Изменить стиль страницы

Однако на самом деле при подобной точке зрения механически смещаются относительно друг друга совершенно разные пласты платонизма и аристотелизма.

Платон, будучи изощреннейшим нигилистом, никогда и не ставил перед собой задачи переустройства современного ему общества. Его идеальное государство есть лишь проекция на социальную плоскость собственных интеллигибельных устремлений. Соответственно и целью такого общества, если оно будет построено, явится не что иное, как уничтожение своих граждан. В этом разгадка того странного факта, что впервые план построения чисто материалистического общества выдвинул идеалист Платон. Ведь для Платона целью человеческой жизни является смерть. Смерть для него лишь видимая манифестация очень трогательного и возвышенного процесса – разделения духовной и материальной субстанции человека. Лучшие люди, по Платону, это философы. Философ всю свою жизнь посвящает, собственно говоря, одному – подготовке к будущей смерти-делению. Он всячески развивает своё духовное начало и расшатывает тем самым его связь с телом. Смерть для него – логическое завершение его жизни, окончательное освобождение от материальной темницы. Государство же, согласно Платону и вообще античному миропониманию, – аналог индивидуального организма-микрокосма. Отсюда ясно, что и целью совершенного государства, как и совершенного человека, должна являться смерть. Идеальная утопия это государство-самоубийца. Таков внутренний, мистический смысл платоновской «политики».

Аристотель, критикуя «идеальное государство», имел в виду более конкретные и земные задачи и подошёл к его анализу слишком буквально. Но это не значит, что сам Аристотель был лишён утопических устремлений. Ученик Платона просто перевёл их в чисто идеальную плоскость. Если Платон строил государство философов, то Аристотель строил государство философии. Он подошёл к той же проблеме, но с другой стороны.

Осуществлённая утопия Платона это общество биомеханизмов, насекомых, живущих чисто физиологической жизнью. Утопия Аристотеля это общество, где все люди уже уничтожены, а существуют лишь веера силовых полей, занятых формальным манипулированием некой накопленной информацией – «мышлением о мышлении». Обе схемы блестяще дополняют друг друга. Разница лишь в том, что утопия Платона написана ярким, ироничным, человеческим языком. Ненужность литературы доказывается в «Государстве» в блестящей литературной форме. Язык Аристотеля редуцирован. Мышление монотонно, смех механичен, иллюстративен. Аристотель заявляет, что шутить даже необходимо, но лишь для разнообразия стиля: чтобы не утомлять читателя. Подход его к языку чисто утилитарный. Взаимоотношения между Платоном и Аристотелем напоминают отношения между импульсивным наивным отцом, очень страдающим от этого в жизни, и сыном, которого он воспитал в совершенно ином духе – чопорным, замкнутым и спокойным. Полярность, но интимно связанная логикой развития.

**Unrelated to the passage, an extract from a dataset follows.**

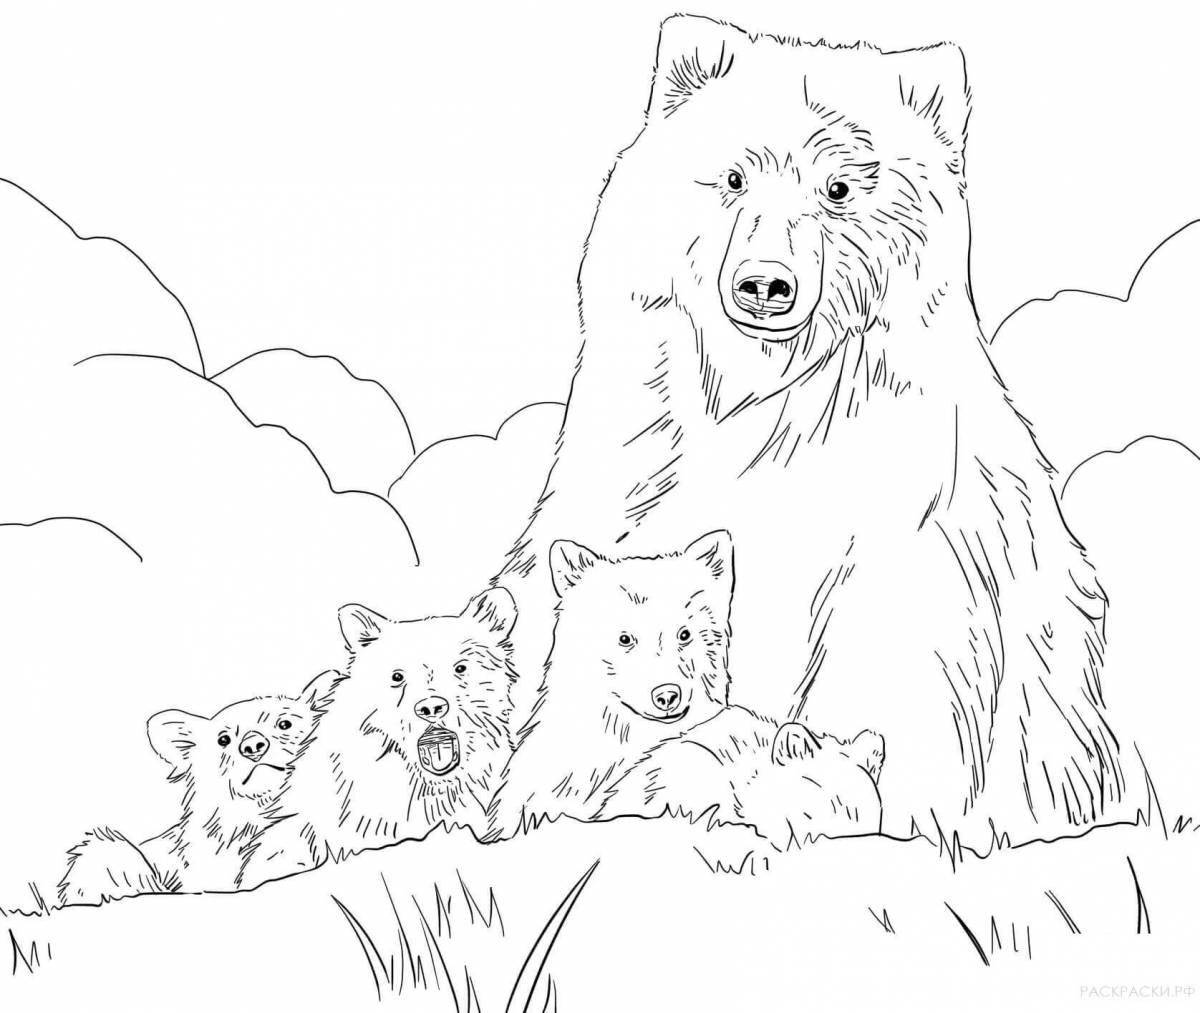 Coloring page for a family of bears on a walk

Платон многолик, политеистичен. Его химерическая утопия это лишь обычная человеческая смерть, включённая как составной компонент в жизнь его произведений. Это «смерть Сократа», но существующая наряду с его длинной-длинной 70-летней жизнью, яркой, ироничной и благородной. Это смерть, втянутая улиточным рожком в жизнь, смерть, но в жизни, «записки с того света». Аристотель монотонен, это одновер, однодум. Его книги это «письма на тот свет», в никуда. Это дыра, вырванная из сыра платоновских диалогов и раскормленная во вселенную.

Платон даже в своей ненависти человечен. И в его аде ещё жить и жить. Заботливо, с любовью он описывает систему спасающих население казней, доносов и исправительных колоний. Такое общественное устройство действительно привело бы к разделению духовного и материального начала. Только духовное начало направлялось бы не на небо, а на нары. Аристотель же и в своём гуманизме бесчеловечен. Его идеальный мир бес-человечен. У Платона идеальное общество это аппарат по очистке людей от телесной оболочки и запуску душ в небо, где они существуют вечно, вне времени и пространства, но как живые индивидуальности, то есть в конечном счёте всё равно люди. Аппарат Аристотеля это идея создания единого Разума, то есть не то чтобы уничтожение людей, а превращение их во что-то ненужное, НЕОПРАВДАННОЕ в своем существовании. Если бы интеллектуальная программа Аристотеля осуществилась, то бытие людей лишилось бы своего внутреннего смысла. В этом причина социального активизма Платона и снисходительной пассивности либерала Аристотеля: первый уничтожал жизнь, а второй – смысл жизни. Деятельность первого была на виду, второго – скрыта, незаметна и коварна.

836

Примечание к №808

Евреи в своей программе наивны – в этом необоримая сила. Но и слабость, ибо ключ евреев никому конкретно не принадлежит. Но он-то, ха-ха, есть.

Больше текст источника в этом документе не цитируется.